A/B Testing for Scammers
I don’t know whether to feel happy or sad that scammers are A/B testing poorly. I recently received two emails, that were obviously part of an experiment done poorly. They’re shown below, but a few notes for a potential future scammer.
It isn’t strictly wrong to use the same user for both arms of the A/B test (although then you’d need to test whether the treatment order matters), but for something like this, it is generally better to focus on a two-sample test. Anecdotally, I don’t think people would respond to one and not the other purely as a function of the messaging. Therefore, you should only send each user one treatment within a given time period. While you’d sacrifice some statistical power using a two-sample test rather than a paired test, you’d probably have a more accurate measurement overall.

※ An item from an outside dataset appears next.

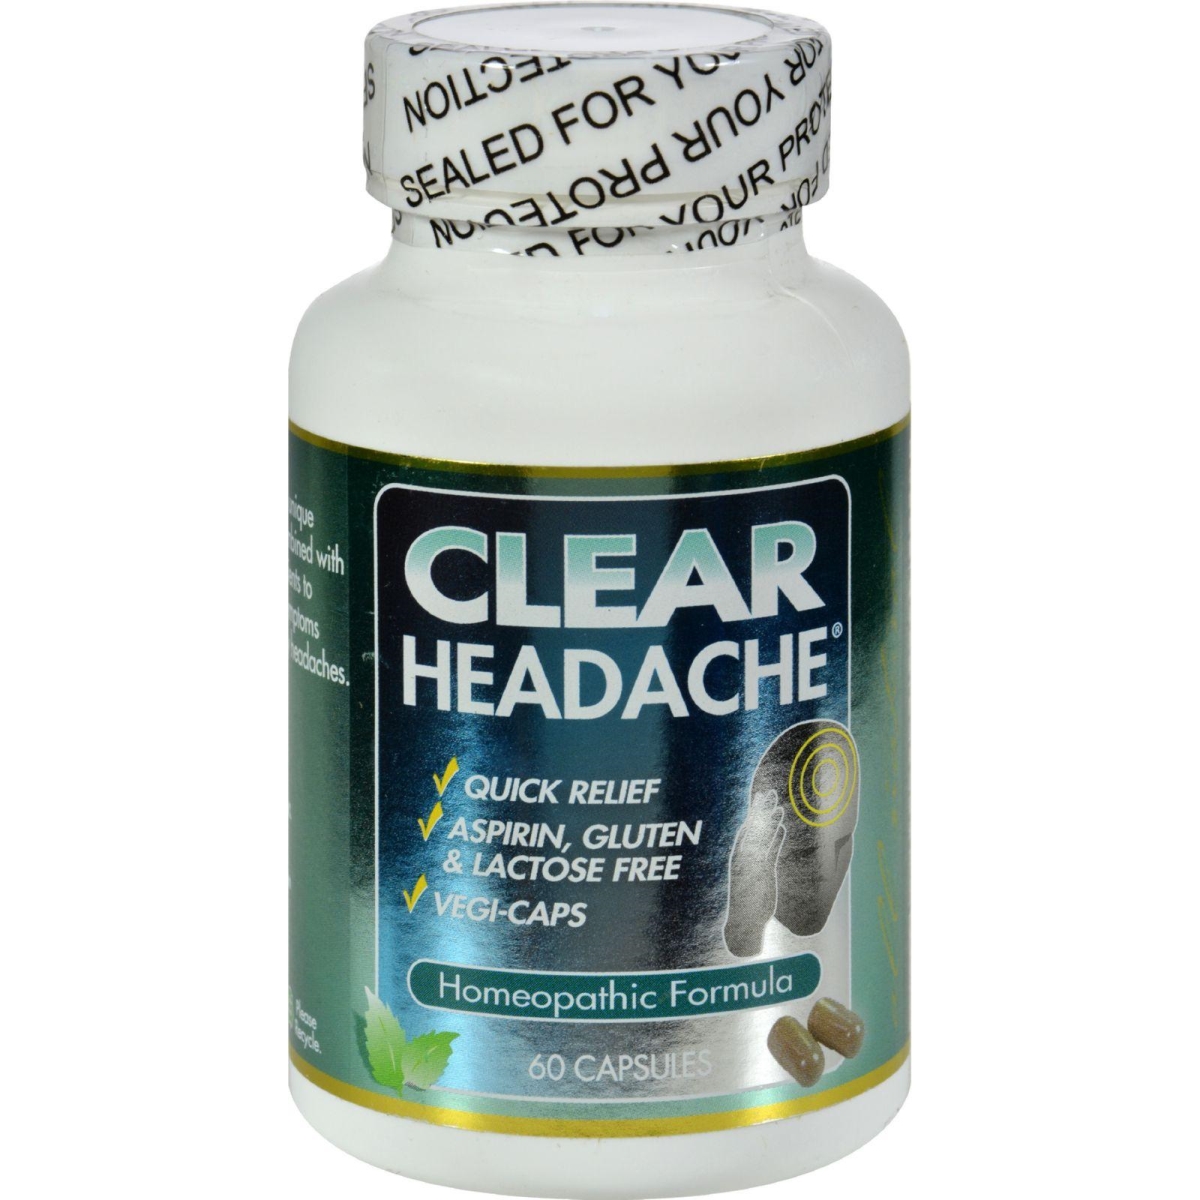 Hg0408831 Clear Headache - 60 Capsules

Here the scammers changed the amounts in the title, which is a great component to experiment on; they’re testing whether odd numbers are more likely to generate the target behavior than even numbers. Buzzfeed has found something similar with their listicles.
My primary concern with their treatments are that the amounts and currencies differ by quite a bit. It is one thing to test whether someone reacts better/worse to an even/unusual amount, but it is another to test whether the sweet spot is ~$10M or ~$1M, and whether they’d react differently to USD vs GBP.
Another issue related to the treatment: they used different numbers in the body of the text. This seems like a simple oversight, but means that any response they detect may be a function of the inconsistent text, thus potentially nullifying any results from this experiment.
A little more difficult to notice, but here the scammers would have a difficult time detecting whether there was any response. I think they should have used a subtly different email address for each of the messages, that way they could keep track of responses, although maybe they’re assuming the user will actually just click ‘reply’ and add the email addresses in themselves.
Finally, these emails were sent at pretty different times. While it is possible that they’re controlling for this (through randomization of when the emails are sent), there’s quite a bit of evidence that the timing of emails matters. By sending one email in mid-morning and the other in the middle of the night (in my time zone, at least), this confounding variable may cause erroneous results.
While the use of a randomized control trial is laudable, its misuse can misinform and even lead to the wrong conclusions. As more non-specialists use RCTs (the apocalypse must be near – they’re even teaching these things to MBAs nowadays), these errors are more likely to occur. Look to a statistician or a reliable online resource to make sure you don’t make these simple mistakes.
Clearly this post is meant as a satire. I am not a lawyer and don’t condone trying to scam anyone. I do not take responsibility for the consequences of this post. I mostly meant to help people understand a little about what makes A/B tests useful and useless.